Maya Dickson is an undergraduate student at California Institute of Technology studying electrical engineering. Her research interests include biomedical optics, semiconductor technologies, and computer engineering.

Aidin Abedi is a physician and an aspiring surgeon–scientist. Leveraging his background in neuroscience, neuroimaging, and clinical medicine, his research is focused on developing and translating innovative medical technologies for clinical applications.

Julian Michael Tyszka is the director of Human Neuroimaging for the Caltech Brain Imaging Center. He trained in applied physics at the University of Cambridge and has more than 30 years of experience in basic, translational, and clinical magnetic resonance imaging with a current focus on functional neuroimaging of human emotional cognition.

Yu Tung Lo is a neurosurgery senior resident at the National Neuroscience Institute, Singapore, and a visiting research fellow at the USC Neurorestoration Center, Los Angeles, California, United States. He has a clinical interest in functional neurosurgery and his research work focuses on translational applications of neural interface (including electrical, optical, and sonographic interface systems) and neuroprosthetic systems.
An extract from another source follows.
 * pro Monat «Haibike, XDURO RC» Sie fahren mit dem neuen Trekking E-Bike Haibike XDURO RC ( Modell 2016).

Jonathan Russin is a neurosurgeon at the USC Neurorestoration Center, Los Angeles, California, United States. He completed a fellowship in epilepsy surgery under Dr. Charles Liu during PGY-6 year of residency and studied skull base and cerebrovascular neurosurgery in Japan with Dr. Takanori Fukushima. After residency, he completed a fellowship under Dr. Robert Spetzler with a focus on cerebrovascular/skull base disease including complex bypass procedures, aneurysm treatment, management of cranial and spinal arteriovenous malformations, and cavernous malformations.
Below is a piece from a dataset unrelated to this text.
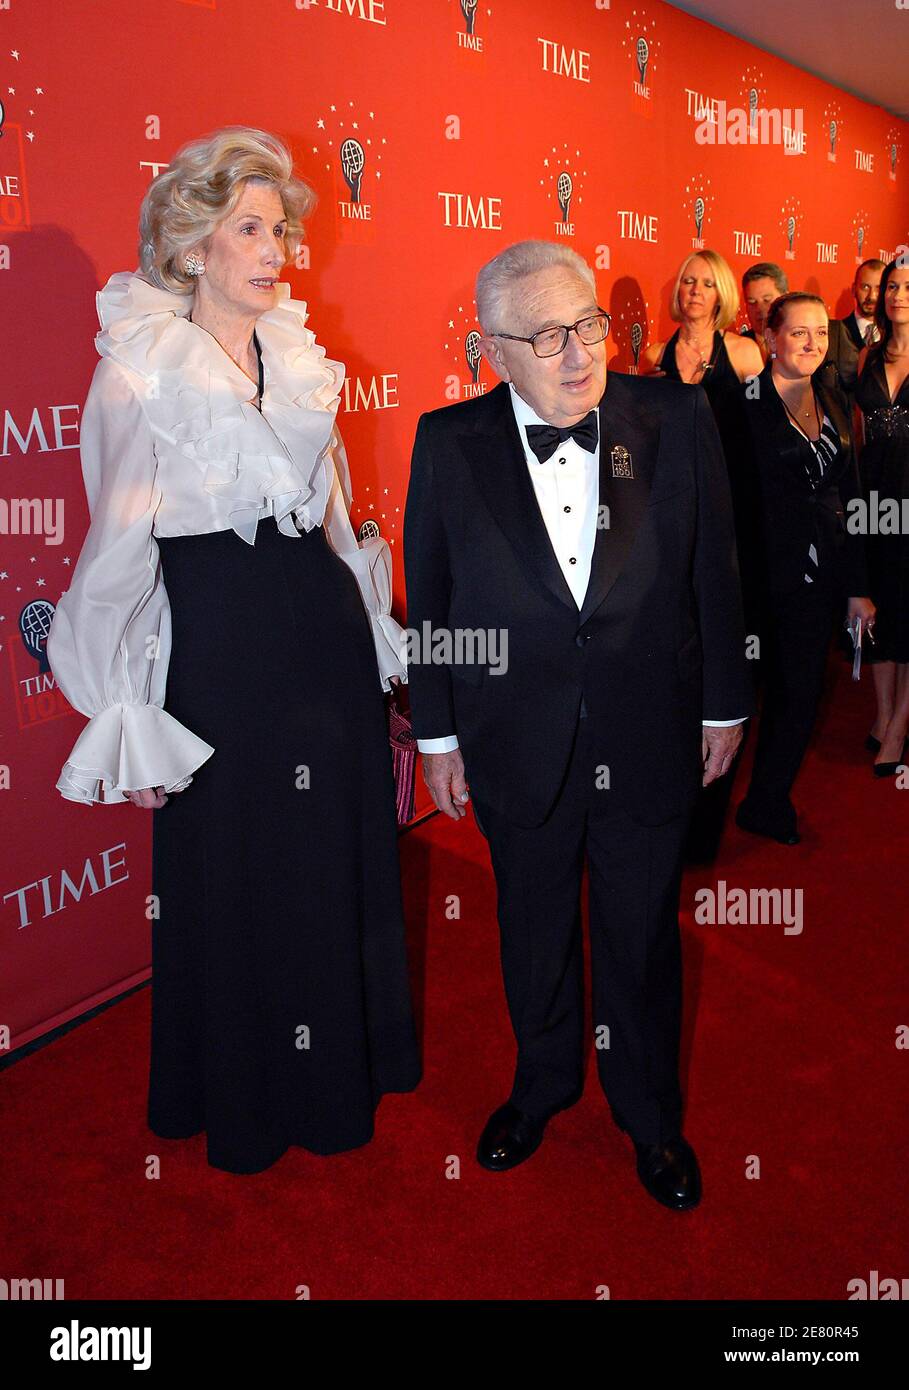 Henry Kissinger und seine Frau Nancy kommen am 100 8. Mai 2007 zur Gala im Jazz im Lincoln Center in New York City, NY, USA, um die Liste der 100 einflussreichsten Menschen der Welt zu feiern. Foto von Olivier Douliery/ABACAPRESS.COM Stockfoto

Charles Liu is a neurosurgeon–engineer who works at the intersection of medicine and engineering to develop transformative solutions for restoration of function in the human nervous system. He is a professor of neurological surgery, neurology, and biomedical engineering at the University of Southern California. He serves as the director of the USC Neurorestoration Center and the chief of the Innovation of Rancho Los Amigos National Rehabilitation Center.

Changhuei Yang is the Thomas G. Myers Professor of Electrical Engineering, Bioengineering, and Medical Engineering, and an investigator at the Heritage Medical Research Institute, California Institute of Technology, Pasadena, United States. His research interest includes biophotonics and biomedical optics, such as the imaging and extraction of information from biological targets through the use of light.

Disclosures

The authors declare no conflicts of interest to declare. The human research protocol for this study received approval from the Caltech Committee for the Protection of Human Subjects and the Institutional Review Board.

Code and Data Availability

The data that support the findings of this study are available from the corresponding author upon reasonable request.